At the end of June, I’m going to begin a new job as a software engineer in Google’s Cambridge office. For the past few months, preparing for this change has kept me too busy to write anything, but now that I have some time, I want to mark the occasion with a post describing the algorithm that got Google started in the first place: PageRank. This will also be a good way to lead into a subsequent post on the Map/Reduce framework for large-scale data analysis algorithms, continuing with the topic of distributed machine learning that I started right before my hiatus. (And, while I’m not a Google employee yet, it probably doesn’t hurt to include the standard disclaimer that the opinions expressed below are my own and have not been endorsed or approved by Google.)
When you type a query into a search engine, the results that it returns generally come from a list that was created in advance from programs called “spiders” that download all the webpages they can find and record information about them. The process of finding all the sites that would match your search is fairly straightforward (at least at small scales – there are lots of technical issues that come up when you try to deal with with billions of pages.)
The tricky part turns out to be that there are usually so many links that would fit the search, that the search engine has to decide which ones to leave out. Or put another way, the problem is to decide (in an automated way) which links should go on the first page of search results and which should go later in the list. (Note that nowadays PageRank is only a small part of a much larger system that Google uses to sort its search results. Moreover, there are a huge number of “SEO experts” employed by other companies whose main job is to figure out this system and redesign web pages so they’ll appear higher on the list.)
Sorting search results was one of the major problems that plagued search engines in the early years of the web and this is where the PageRank algorithm came in. Because the computer can’t interpret the contents of each page the way a person can, PageRank relies on other indicators, namely how many other web pages have links to the web page in question. The assumption is that a web page that many other pages link to is probably important, and should be placed higher on the list. We can think of this in terms of giving each page a score, then sorting the pages so that the pages with the highest scores come first.
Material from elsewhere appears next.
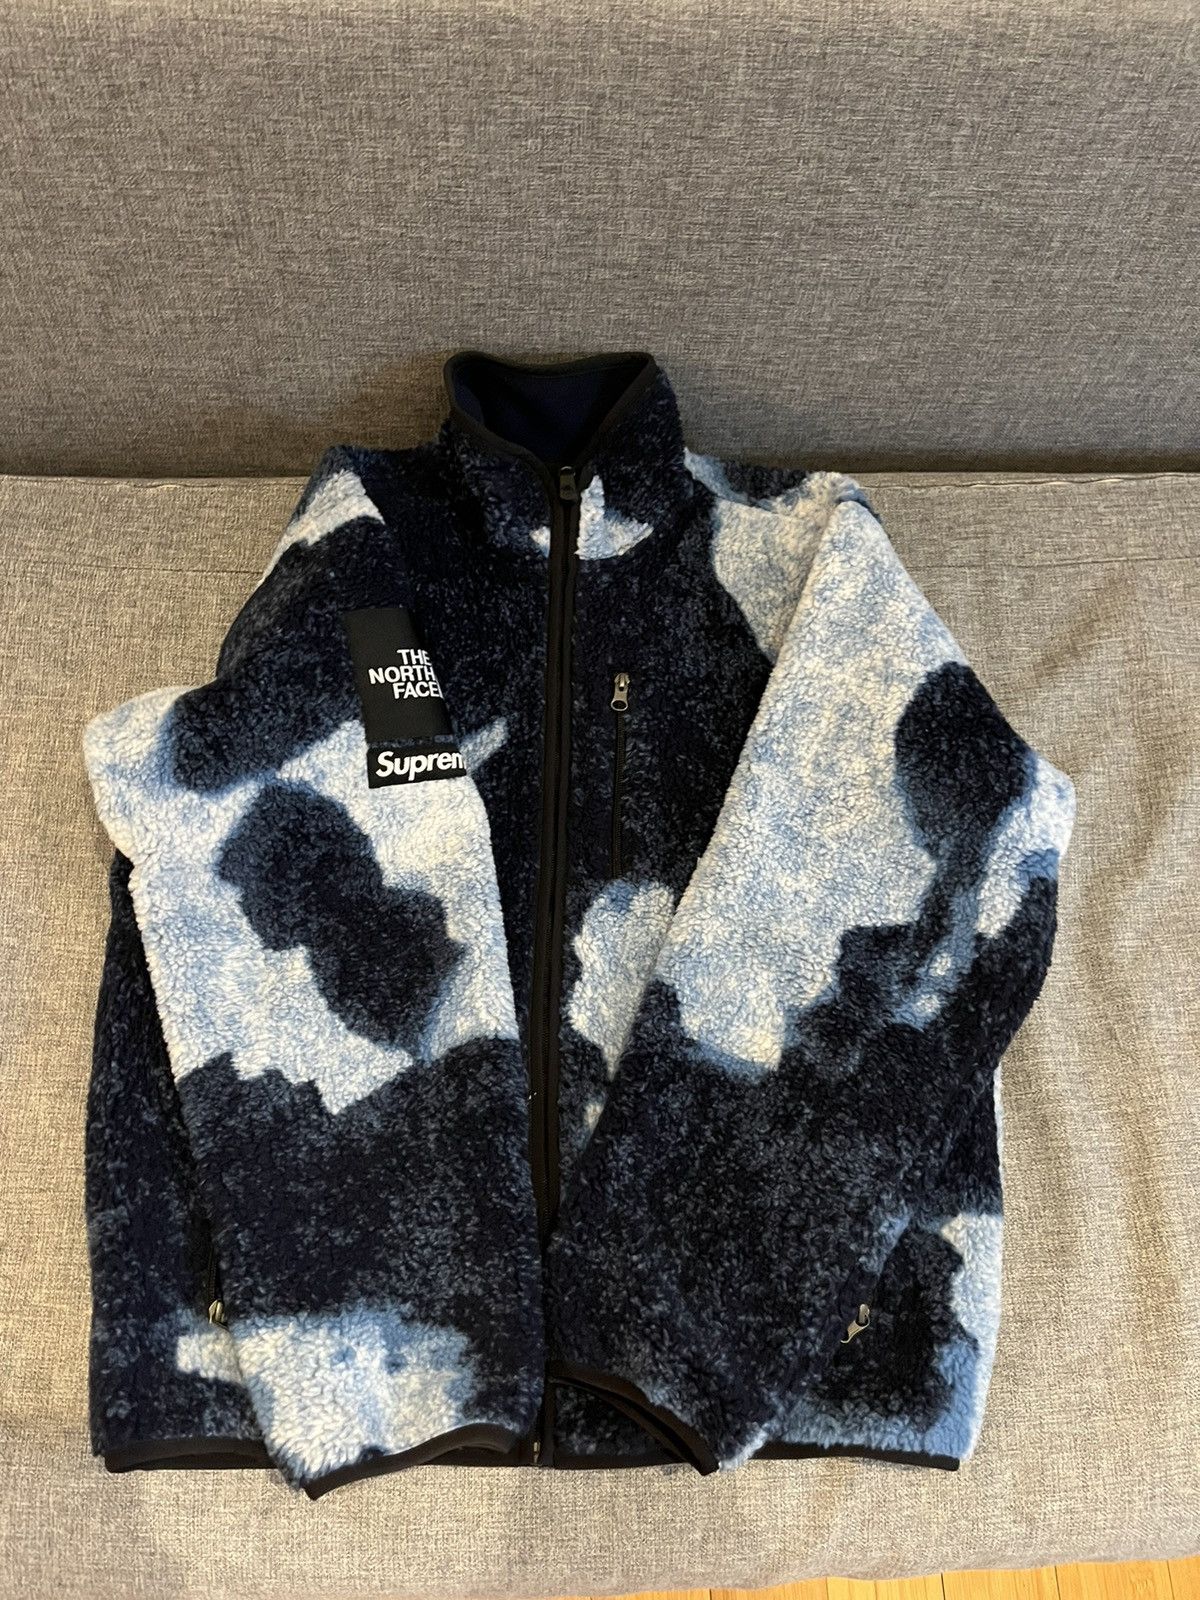 Supreme Supreme x north face bleached fleece jacket size medium | Grailed
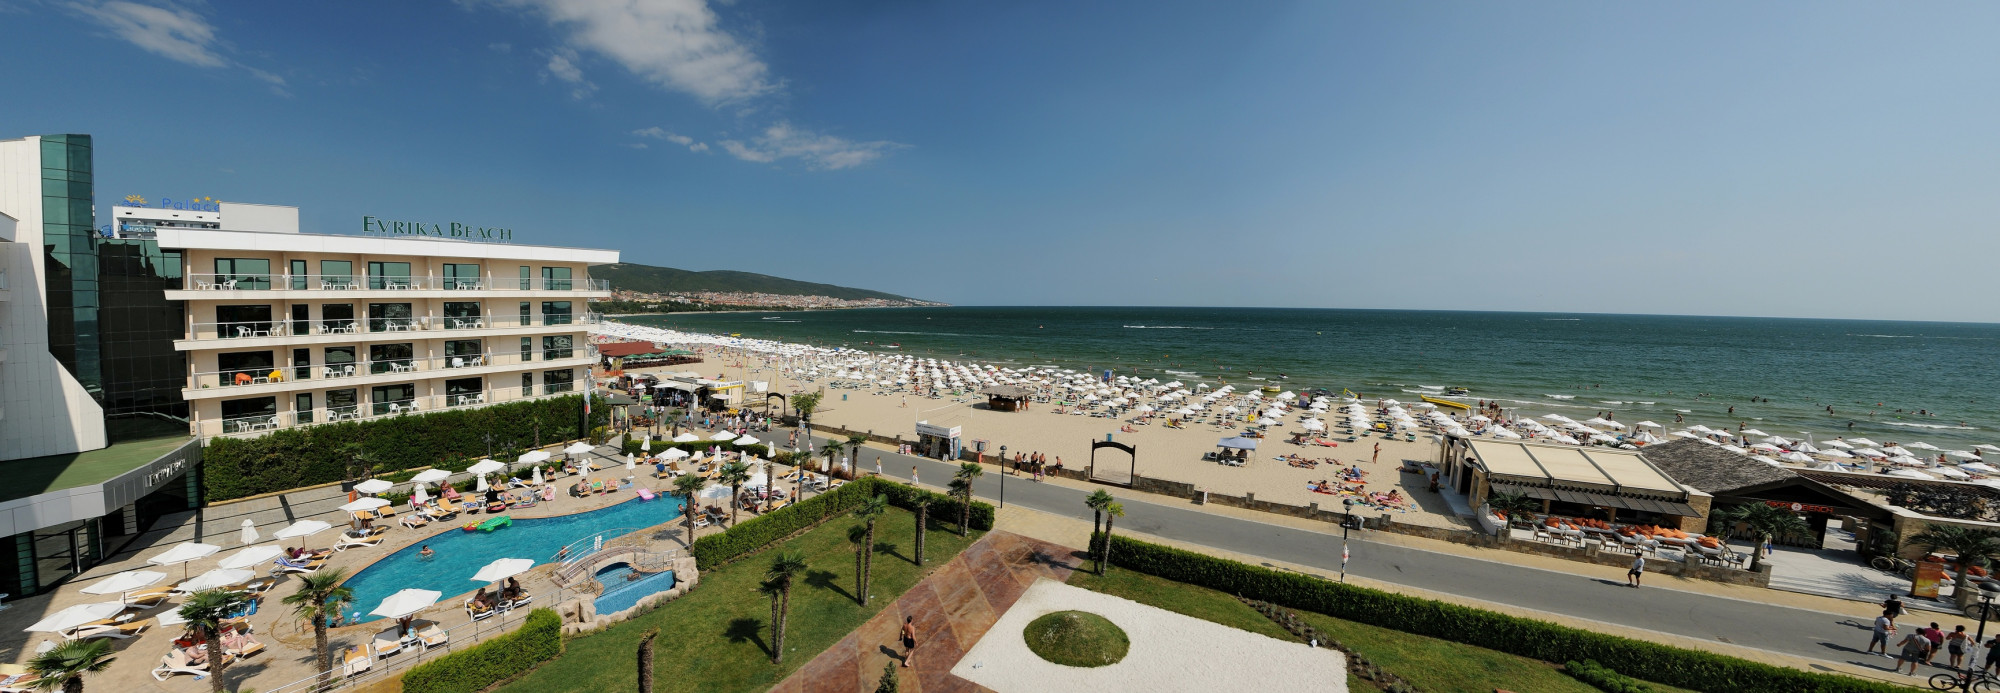 DIT Evrika Beach Club Hotel / Bulgarien - Sonnenstrand / front

The simplest way to do this would be to simply count the number of incoming links to each page and let this number be its score – The page that fits the search terms and has the most incoming links goes first and so on. This would certainly give higher scores to pages with more incoming links, but it would also make it very easy for page designers to game the system. For example, someone might set up 1000 different nearly-identical web sites, all of which link to each other and have pages filled with advertisements, with a list of buzz words at the bottom. Since each of these pages would have 1000 incoming links, they would get a very high score, even though they don’t deserve it.
PageRank attempts to skirt this issue by taking into account not only how many links point to a given page, but how high the scores of the pages that link to it are. This seems like circular logic, though, since you need to know the scores of all the pages before you can calculate their scores. But it turns out you can deal with this issue using something like a feedback loop. If you don’t know what a feedback loop is, don’t worry. The idea is pretty simple.
Imagine that each web page is bucket of water with a pump underneath. Each link from webpage A to webpage B is a tube coming out of the pump underneath bucket A and pouring into bucket B. Three of these buckets are shown in the Figure below. If we fill all the buckets partway up with water, then turn on the pumps, the buckets with more tubes (i.e. links) leading into them will start to fill up, while the buckets with fewer links will start to run out of water. Note that water never enters or leaves the system. In fact, water that leaves a particular bucket will often come back to it at a later time. Or I should say that it will feed back into it. (Get it? Feed back.)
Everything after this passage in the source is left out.